Common HRSA Compliance Questions

Though the development of the new HRSA Compliance Manual and Site Visit Protocol has removed a great deal of subjectivity from the Operational Site Visit process, there still exist some areas that are consistently confusing for health centers. Over the next few blog posts, our team will highlight some of these areas and give our opinions about how best to navigate these common issues. This week, we will highlight a common question involving referral tracking policies and referral arrangements. When reviewing the various health center compliance documents, the astute observer will note that there is a slight difference between the Site Visit Protocol and the HRSA Compliance Manual in regards to requirements surrounding referral tracking policies. The HRSA Compliance Manual states, “Formal Written Referral Arrangement: If access to a required or additional service is provided and billed for by a third party with which the health center has a formal referral arrangement, this service is accurately recorded in Column III on Form 5A: Services Provided, reflecting that the health center is responsible for the act of referral for health center patients and any follow-up care for these patients provided by the health center subsequent to the referral. In addition, the health center ensures that such formal referral arrangements for services, at a minimum, address:

  • The manner by which referrals will be made and managed; and

  • The process for tracking and referring patients back to the health center for appropriate follow-up care (for example, exchange of patient record information, receipt of lab results).” (Compliance Manual, Chapter 4: Required and Additional Services, Demonstrating Compliance b.)

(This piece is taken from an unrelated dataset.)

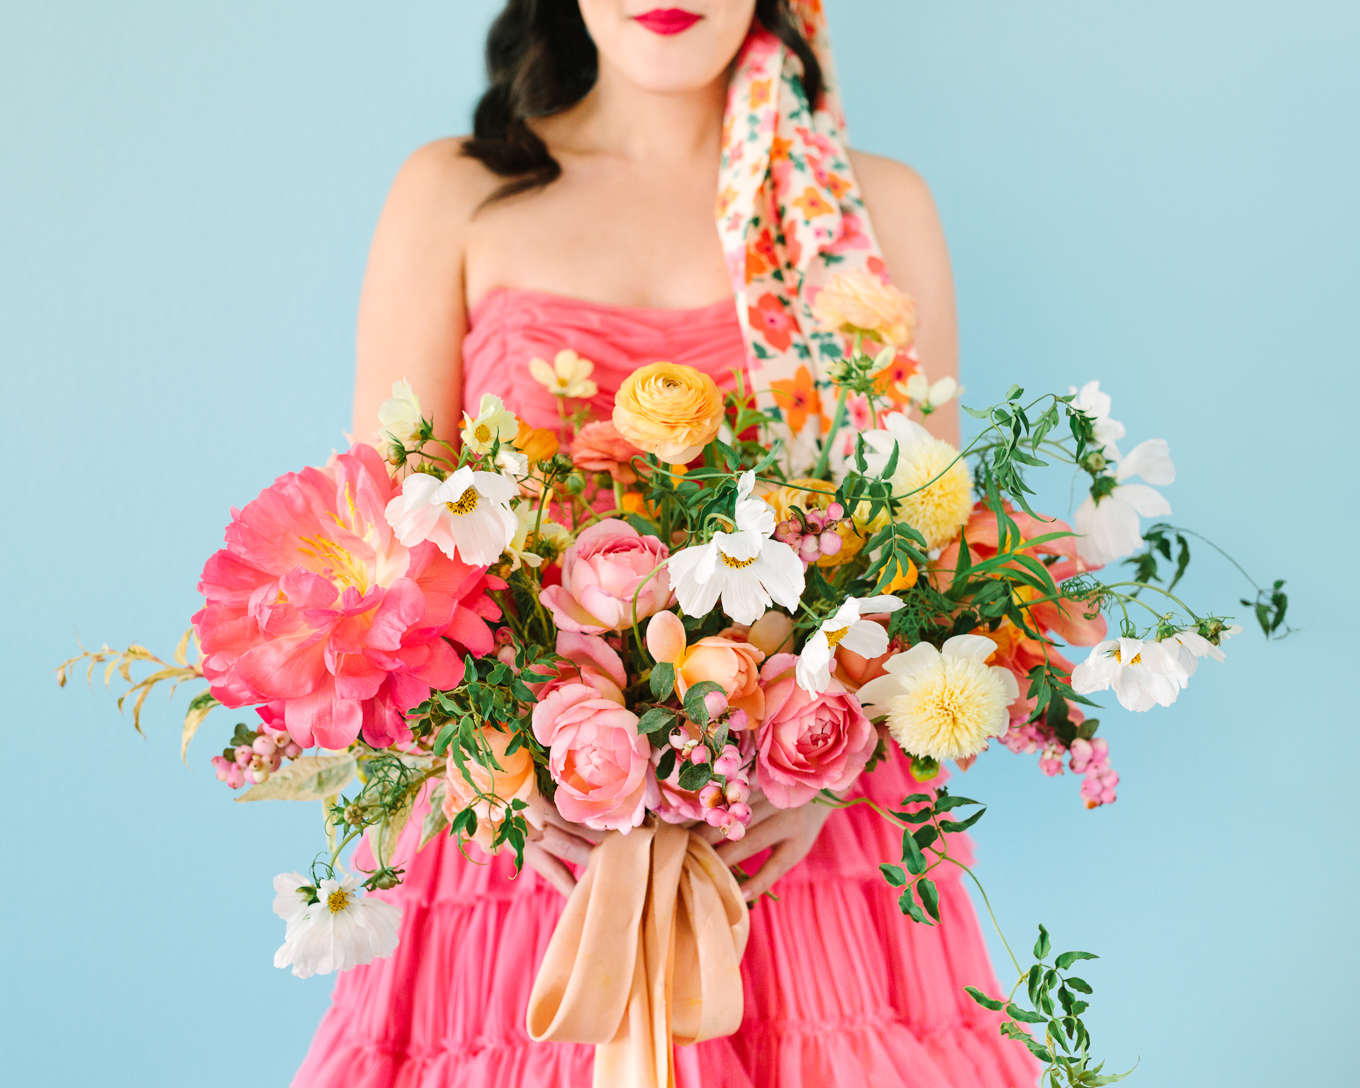 Aww Sam's pink peony bouquet | Beautiful bridal bouquet inspiration and advice | Colorful and elevated wedding photography for fun-loving couples in Southern California | #weddingflowers #weddingbouquet #bridebouquet #bouquetideas #uniquebouquet   Source: Mary Costa Photography | Los Angeles
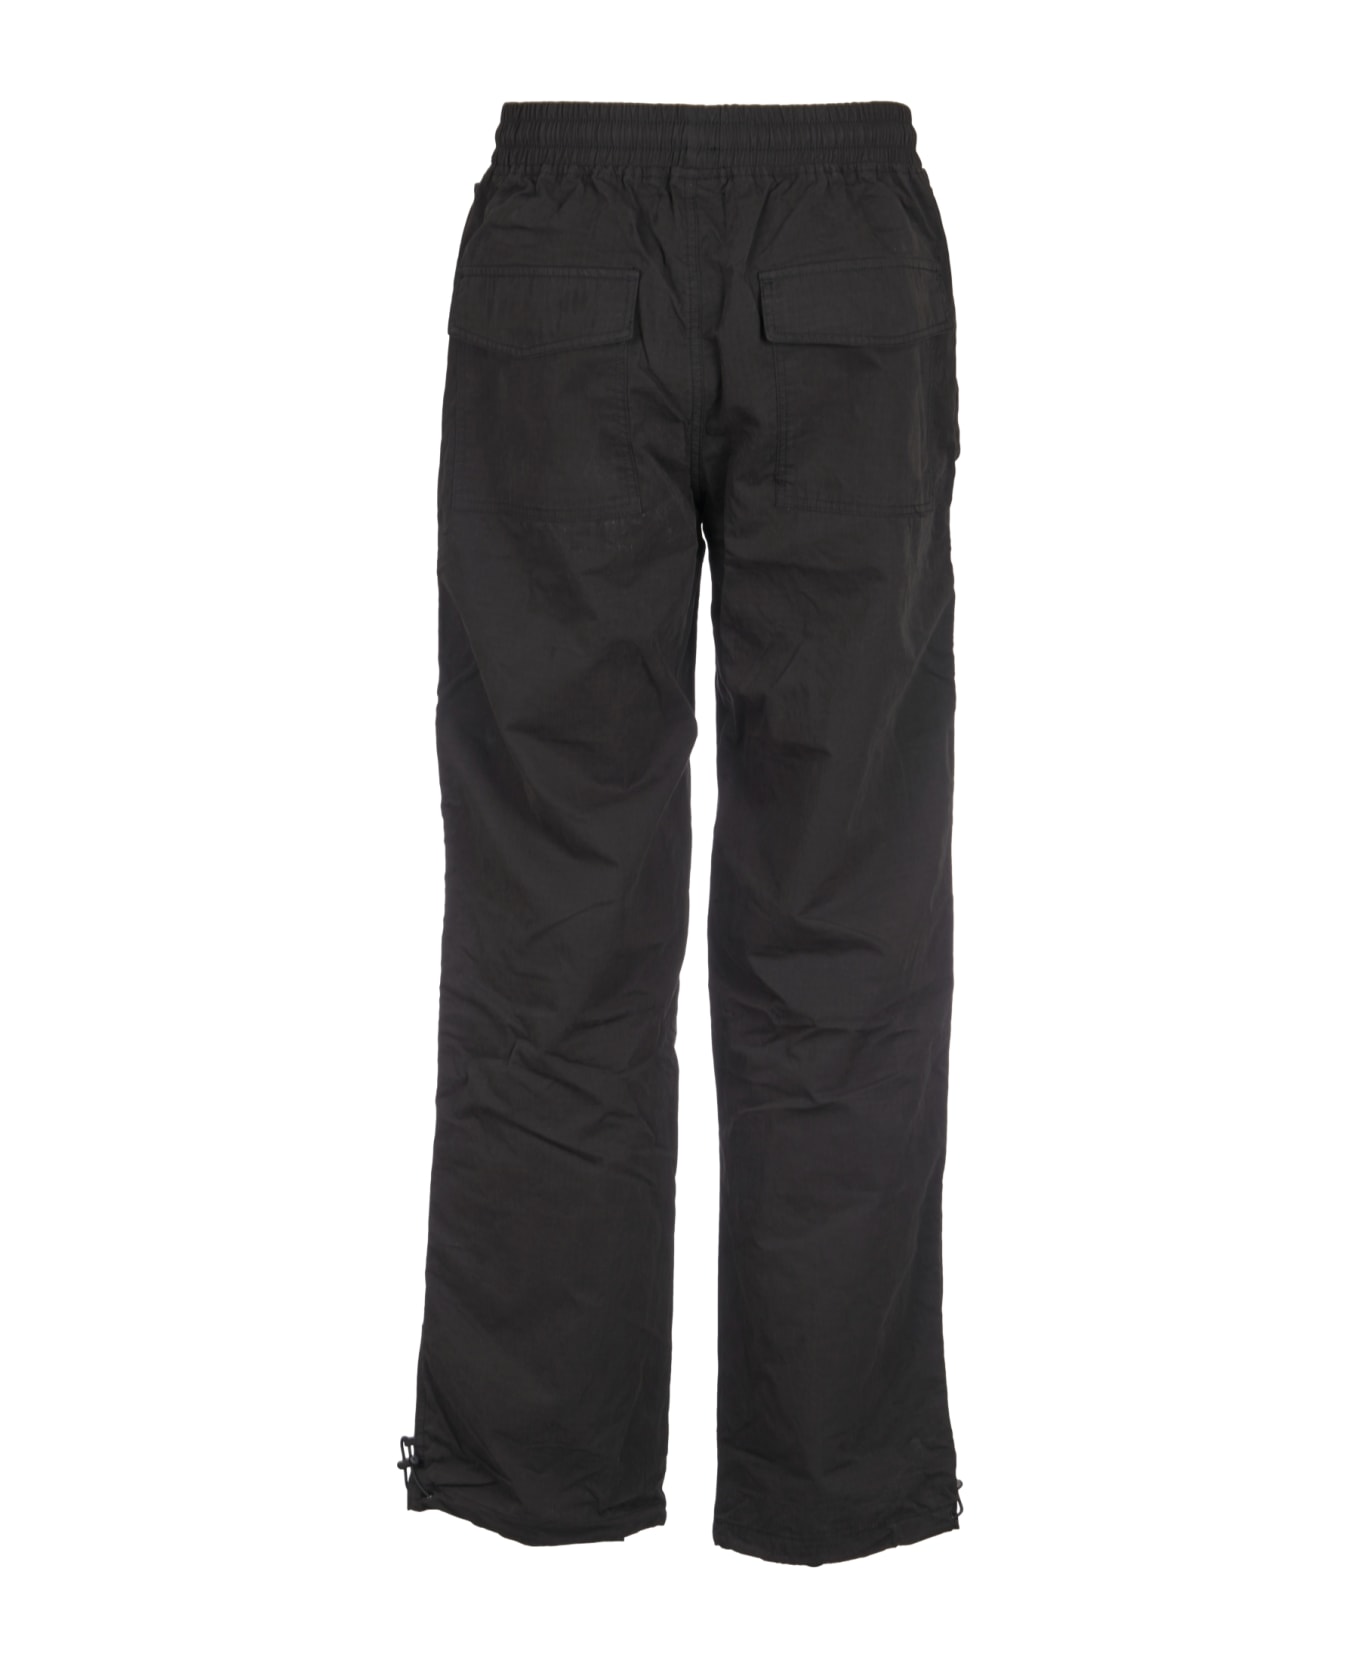 REPRESENT Buttoned Pocket Trousers - Black

The Site Visit Protocol asks, “Does the health center have a process for making, tracking, and managing referrals for these services with the referral provider(s) (e.g., process for tracking whether patient presented at the referral provider or the outcomes of the referral visit)?” (Chapter 4: Required and Additional Services, Element a., Question 3)

The HRSA Compliance Manual states that the manner by which referrals will be made and managed should be addressed in the formal referral arrangements, yet the Site Visit Protocol simply asks if the health center has a process for making, managing, and tracking referrals. Health centers almost always have referral processes (meeting the SVP standard) but rarely have the process for tracking referrals within the contracts (to meet the Compliance Manual standard).

Though the two documents are not aligned, we recommend the more conservative approach of having both a policy for tracking referrals and referencing the process within the written referral arrangement. Stay-tuned for more common compliance pitfalls!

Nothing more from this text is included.